# Your instructions:
Working through the data below, reproduce word for word the line with "What Is Diversity Equity Inclusion" and every line after it, both ends included, and omit the pictures.

# Data shown:

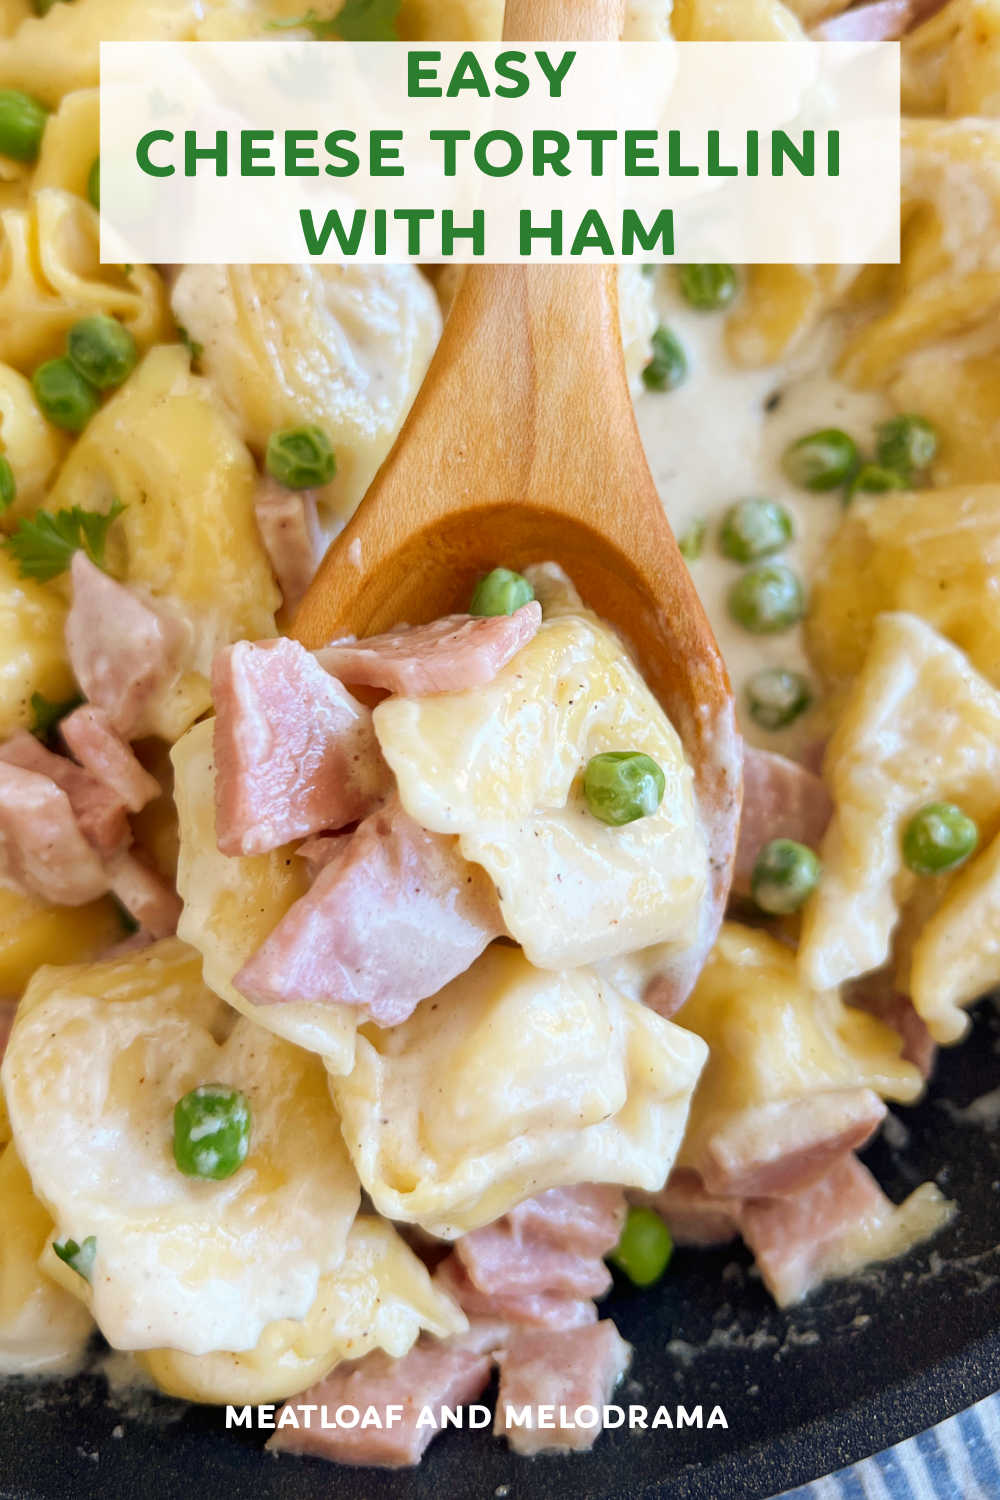 Cheese Tortellini with Ham and Peas is an easy recipe with leftover ham and tender tortellini in a delicious Parmesan cheese sauce. An easy weeknight meal the whole family will love that takes minutes to make! via @meamel
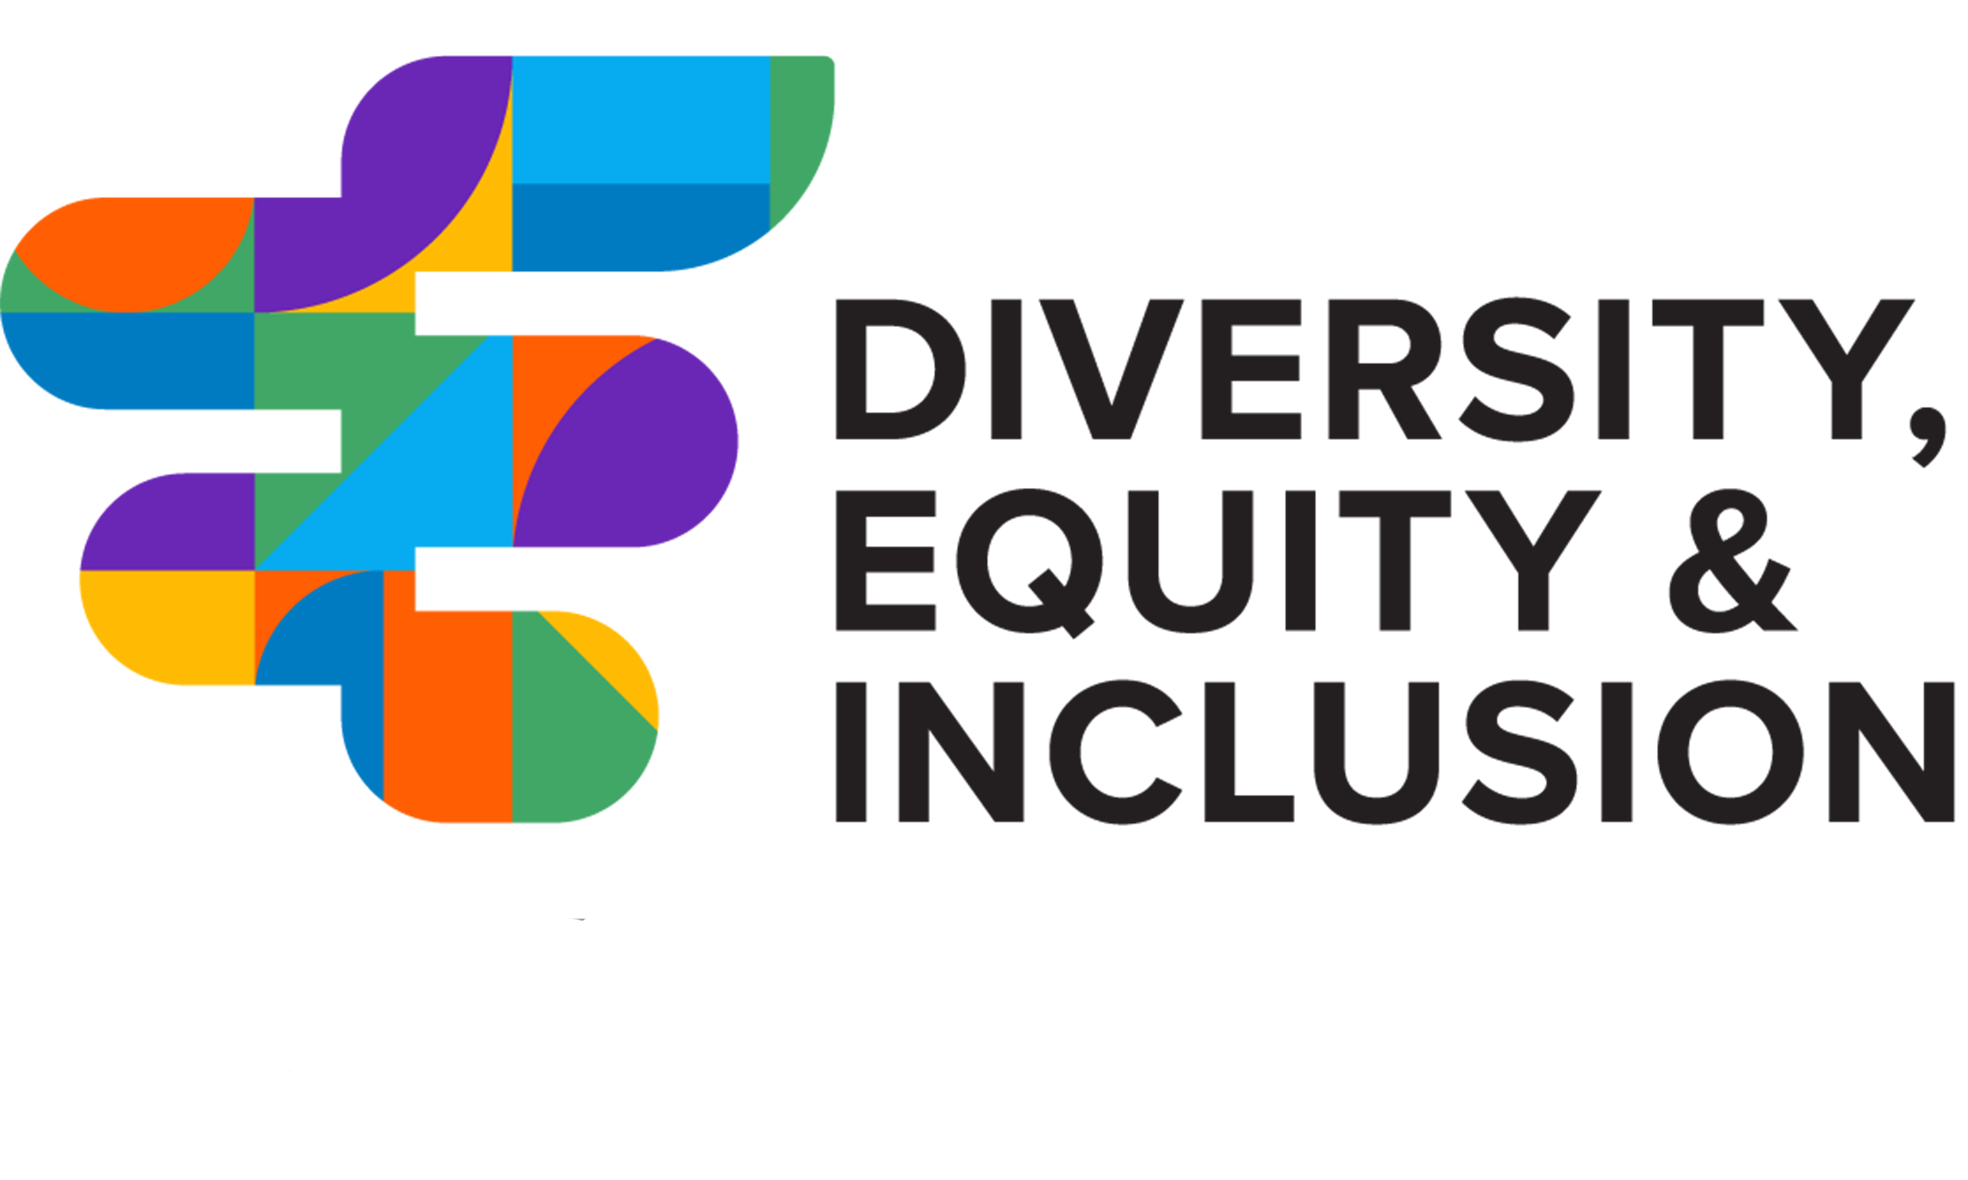 What Is Diversity Equity Inclusion
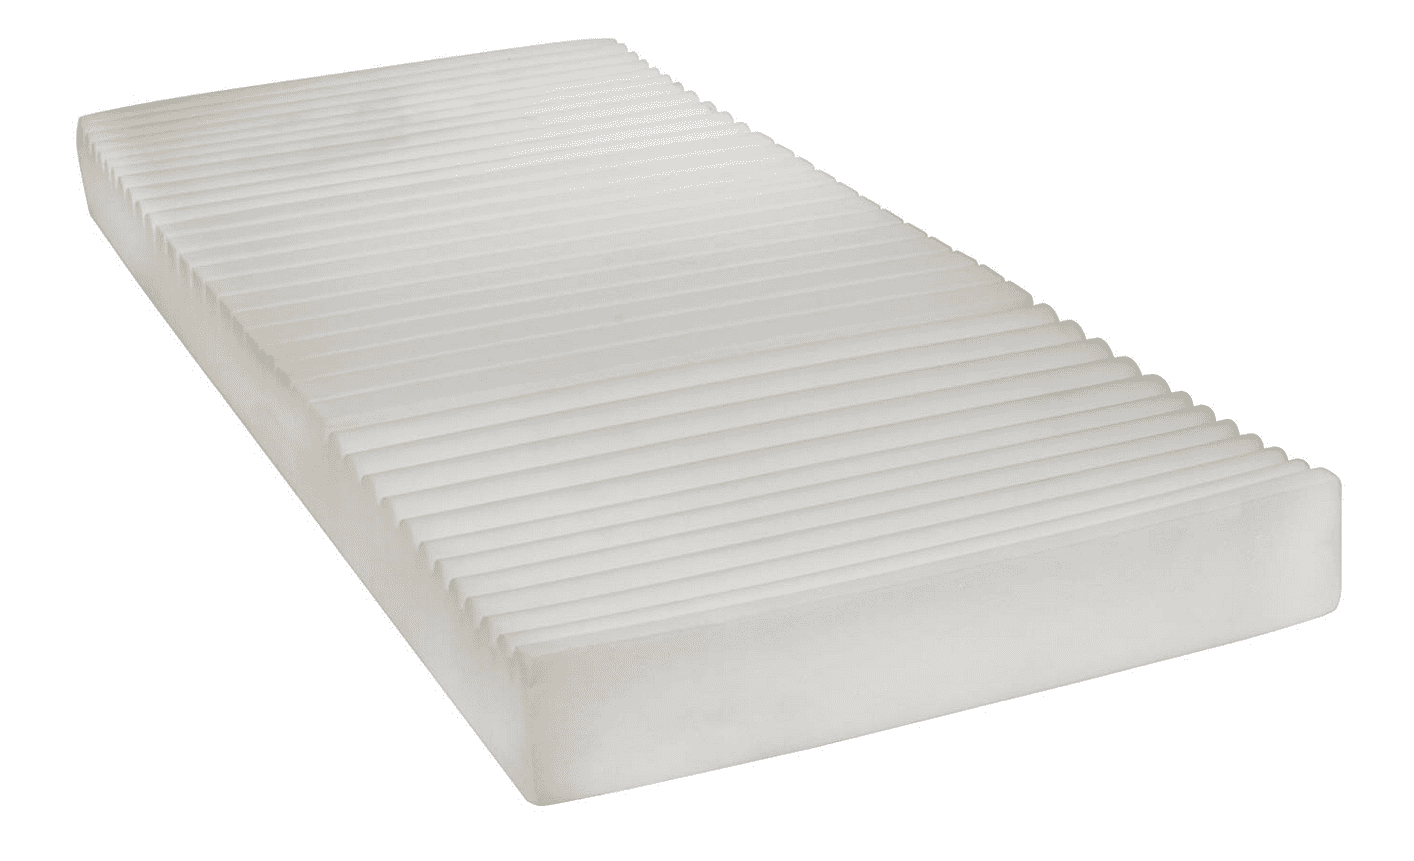 therapeutic mattress protectors that are not hot

# Answer to this exercise:
 What Is Diversity Equity Inclusion
 therapeutic mattress protectors that are not hot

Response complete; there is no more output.